A dos semanas de la represión en El Bosque, Boca y Gimnasia vuelven a jugar. Una buena ocasión para reflexionar sobre la violencia policial en los estadios y como nada ha cambiado con el paso de los años. Escribe Juan Stanisci.

Estudiantes canta por Gimnasia. En las tribunas del Estadio Uno cuelgan banderas en las que se leen frases como: “Fue represión” o “Justicia por Lolo”. El minuto de silencio, por lo general tapado por canciones y bombos, aturde. No es solo en la cancha de Estudiantes. Todas las tribunas están de acuerdo. Quizás hiciera falta que esa comunión se diera en un mismo espacio físico. Hinchas de diferentes equipos, todos y todas con sus camisetas, cantando a la vez: “El que no salta es un botón”.

La primera gran tragedia en un estadio de fútbol a manos de la policía ocurrió en 1968. 71 muertos. Más de cien heridos. Miles de personas buscando familiares. Otras miles deambulando por comisarías y hospitales esperando no encontrar la cara buscada. De la Puerta 12 solo hay certezas numéricas. Las teorías, en cambio, son muchas. Se dice que no corrieron los molinetes, que la puerta estaba cerrada, que la gente salió toda junta y al mismo tiempo, que la policía empezó a reprimir en la tribuna cuando cantaban la marcha peronista. Los medios de la época repetían la visión oficial.  No hay imágenes. No hay videos. Solo los recuerdos de los sobrevivientes que en muchos casos son contradictorios.

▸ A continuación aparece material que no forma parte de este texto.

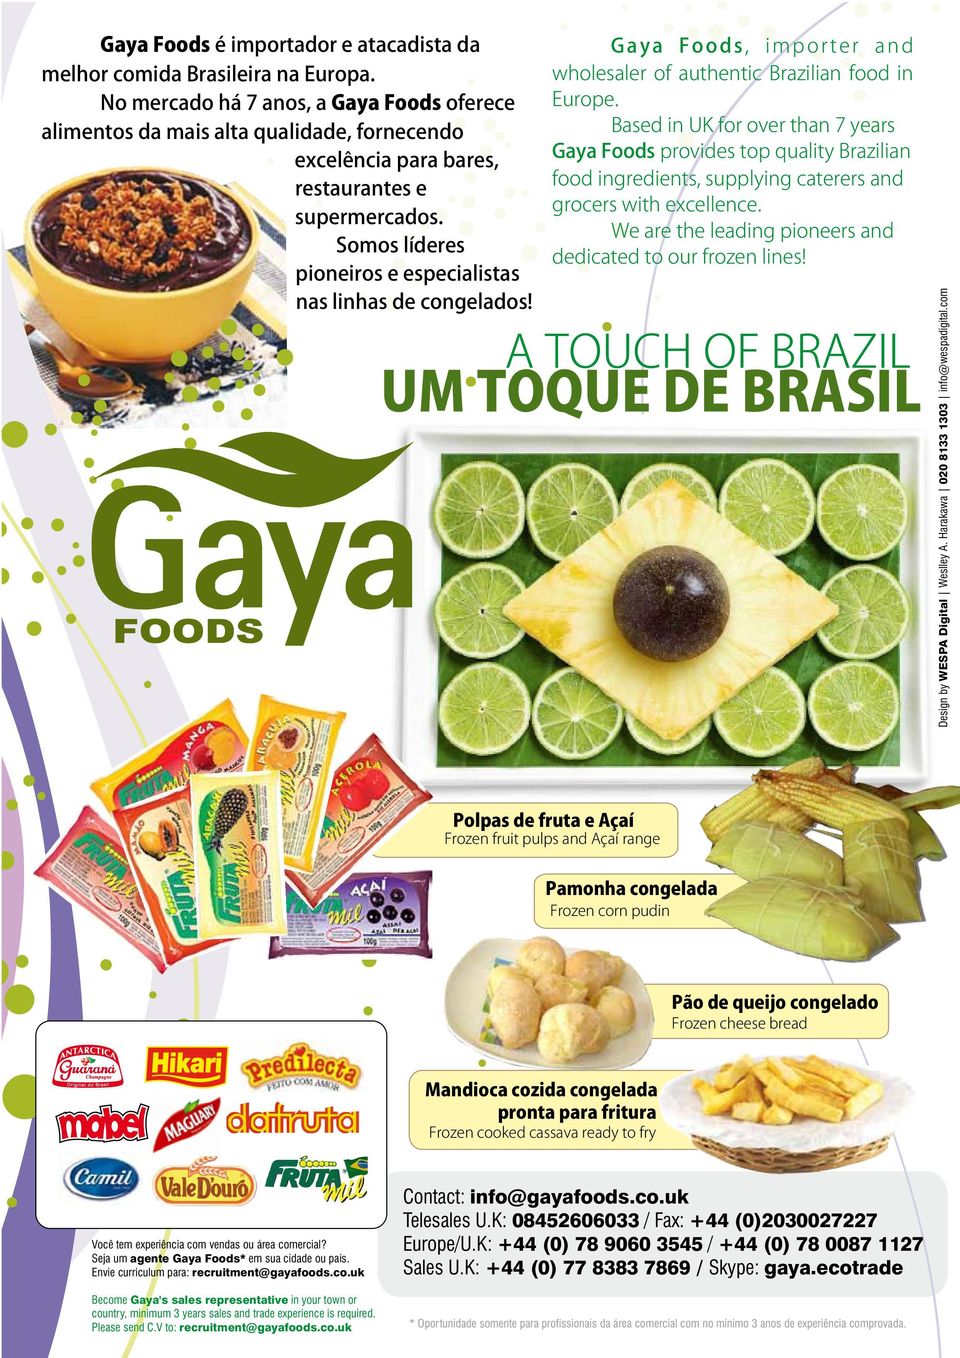 Somos líderes pioneiros e especialistas nas linhas de congelados! G a y a F o o d s, i m p o r t e r a n d wholesaler of authentic Brazilian food in Europe.

De lo sucedido en la cancha de Gimnasia el jueves seis de octubre, en cambio, sobran pruebas: la policía reprimió sin sentido. Donde no hay certezas es en el por qué. Y no tiene que haberlas, la represión no suele tener lógica. No funciona en base a la acción y la reacción, ese es el relato que suelen construir luego los medios de comunicación. En este caso, las imágenes fueron tan contundentes que no hubo margen para desviar el foco. Fue represión.

Matías Pellicioni, estaba trabajando para TyC Sports en El Bosque. Escapó de los gases y las balas como la mayoría de los y las hinchas. Llevaron, junto a un compañero, a personas heridas al hospital. El humo, el caos y las puertas cerradas le dispararon un recuerdo: la noche del 30 de diciembre de 2004. Cromañón. Pellicioni, uno de los sobrevivientes de aquel recital en Once, fue uno de los periodistas que se encargó de contar lo que en verdad había sucedido en la cancha de Gimnasia.

Si lo ocurrido en el Estadio Juan Carmelo Zerillo no terminó como Cromañón o la Puerta 12, es gracias a una casualidad edilicia. La entrada a la cancha se da al aire libre y a la altura del suelo. La gente podía ver a quienes tenía a su alrededor y no atropellarse por salir. Eso y el comportamiento de los hinchas, tantas veces criticado en los medios de comunicación, generó que la tragedia no fuera aun peor.

Los videos de los teléfonos celulares y de las cámaras de televisión obligaron a que el relato mediático apunte a los verdaderos responsables: la policía y las autoridades políticas. Con la Puerta 12, en cambio, la verdad solo se cantaba en la tribuna. En el primer superclásico después la tragedia, las hinchadas de Boca y River se unieron en un mismo canto: “No había puerta no había molinete / era la cana que pegaba con machete”.

El tiempo pasa. Los operativos policiales crecen. Y la policía sigue pegando con impunidad.